Did the Congress by section 23 (r) intend to prevent corporate stockholders sustaining losses upon the liquidation of corporations from deducting those losses from gross income except to the extent of gains realized from sales or exchanges of stocks and bonds? I think not.

The legislative history of section 23 (r) of the Revenue Act of 1932 shows that that provision was designed to prevent corporate stockholders from deducting from gross income losses created through sales or exchanges “in the stock and bond markets.” The Ways and Means Committee Report 708 on H. R. 10236, which later became the Revenue Act of 1932, comments upon five proposed additions to section 23 of the Revenue Act of 1928, i. e., subsections (r), (s), (t), (u), and (v). These proposed subsections emerged in amended form as subsections (r), (s), and (t) of the Revenue Act of 1932. In presenting the five proposed additions to the House the Ways and Means Committee Report stated, p. 12:

Many taxpayers liare been completely eliminating from tax their income from salaries, dividends, rents, etc., by deducting therefrom losses sustained in the stock and bond markets, with serious effect upon the revenue. Your committee is of the opinion that some limitation ought to be placed on the allowance of such losses.

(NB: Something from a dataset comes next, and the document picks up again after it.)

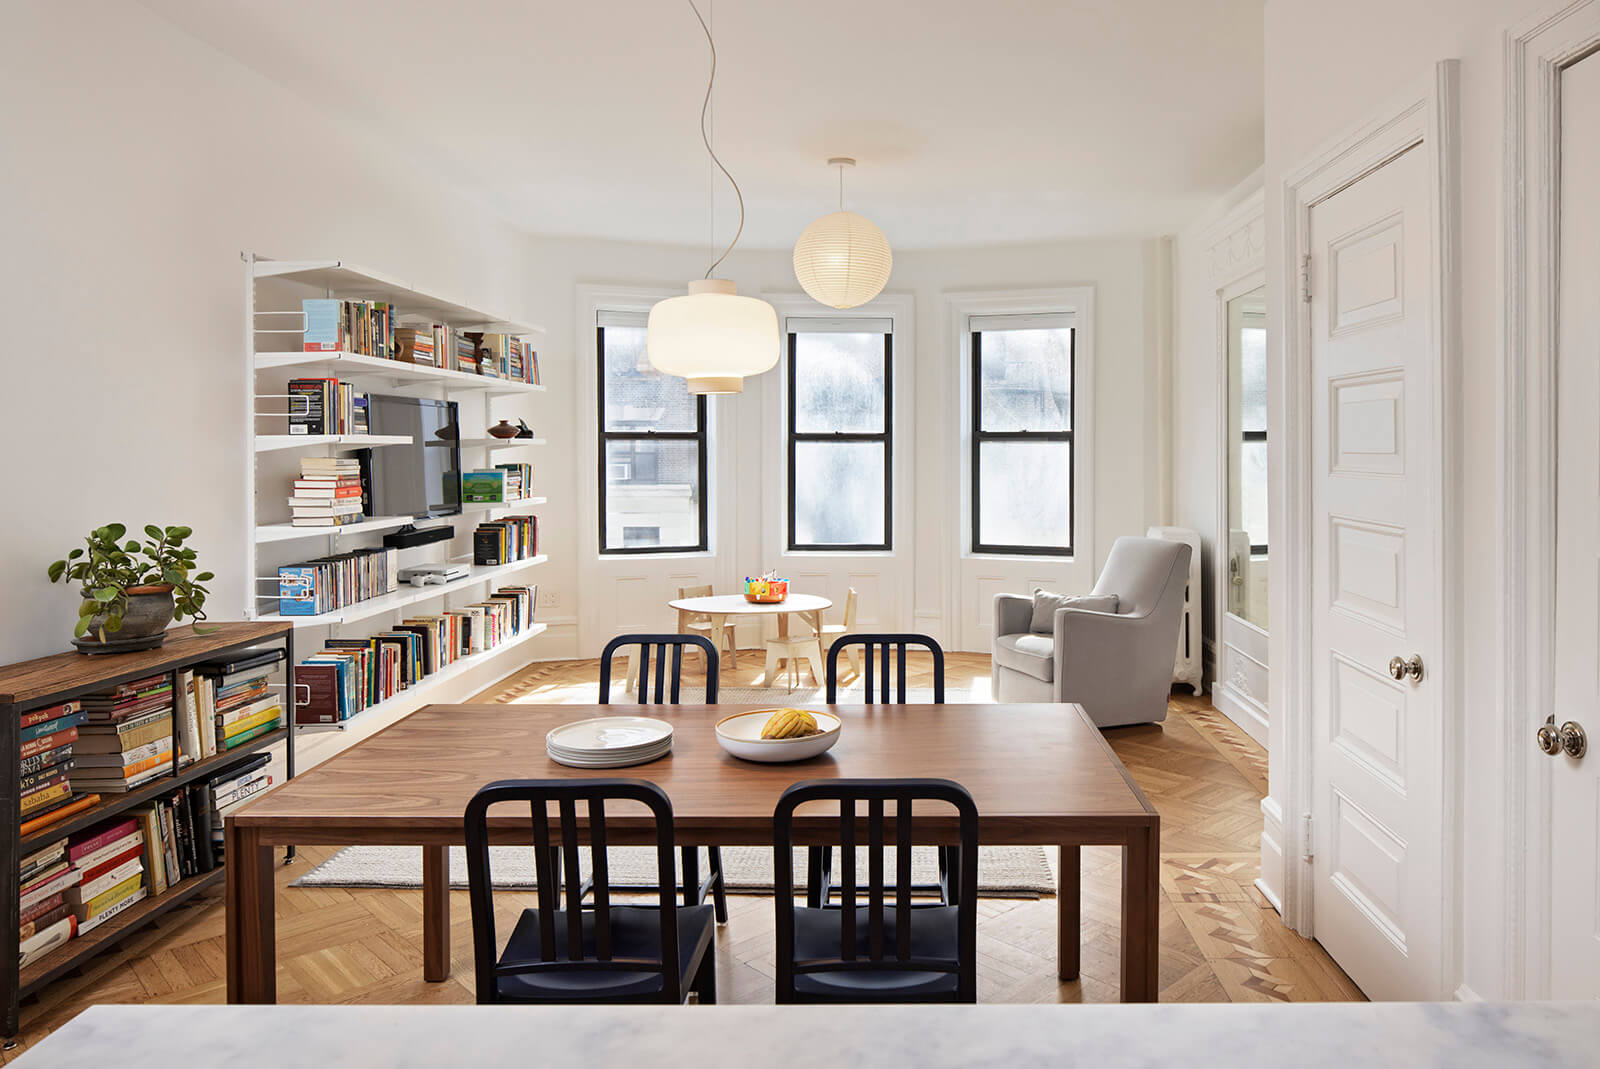 Reimagined Layout Improves Flow of Long Park Slope Prewar for Young Family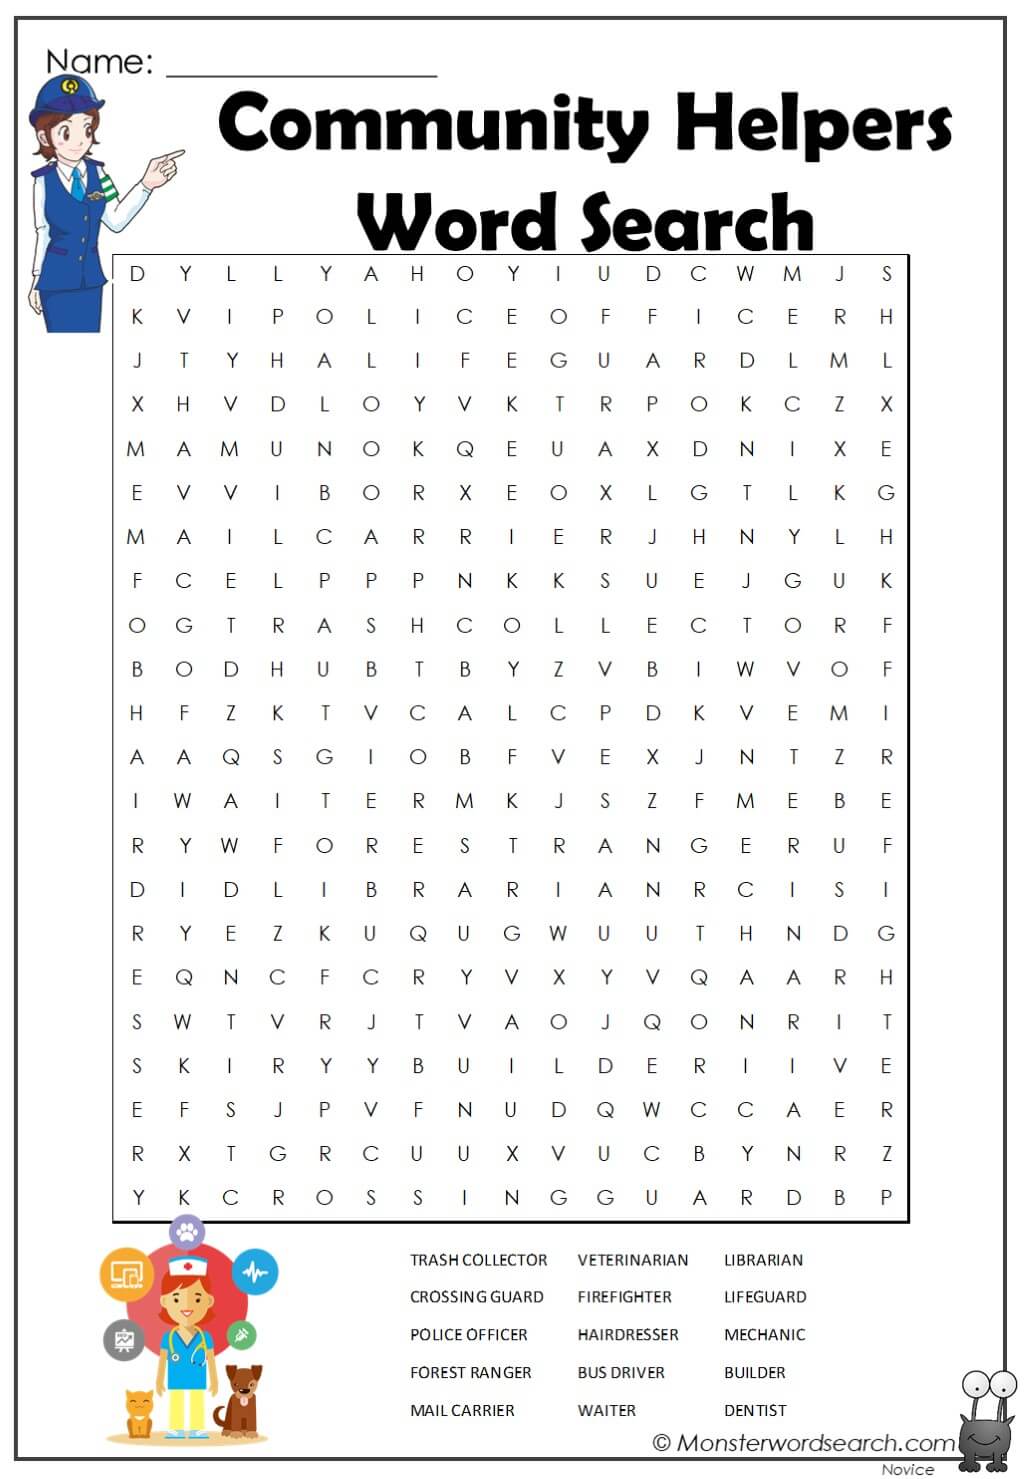 Community Helpers Word Search Monster Word Search

After referring to the exclusion of “dealers in securities”, as provided in subsection 23 (r) (3), the Committee report stated:

Traders or other taxpayers who buy and sell securities for investment or speculation, whether or not in their own account, and irrespective of whether such buying or selling constitutes the carrying on of a trade or business, are not regarded as dealers in securities within the meaning of this rule.

The Finance Committee Report of the Senate on this same bill (Report 665, p. 12) contains the following:

The House Bill adopted very severe limitations upon the allowance of losses from the sale of securities, as a deduction in computing net income. The provision is based upon a twofold policy: (1) Protecting the revenues from the growing practice of reducing tax liabilities by the sale of securities on which losses had accrued, and (2) preventing speculative losses from wiping out ordinary income, which represents real tax-paying ability.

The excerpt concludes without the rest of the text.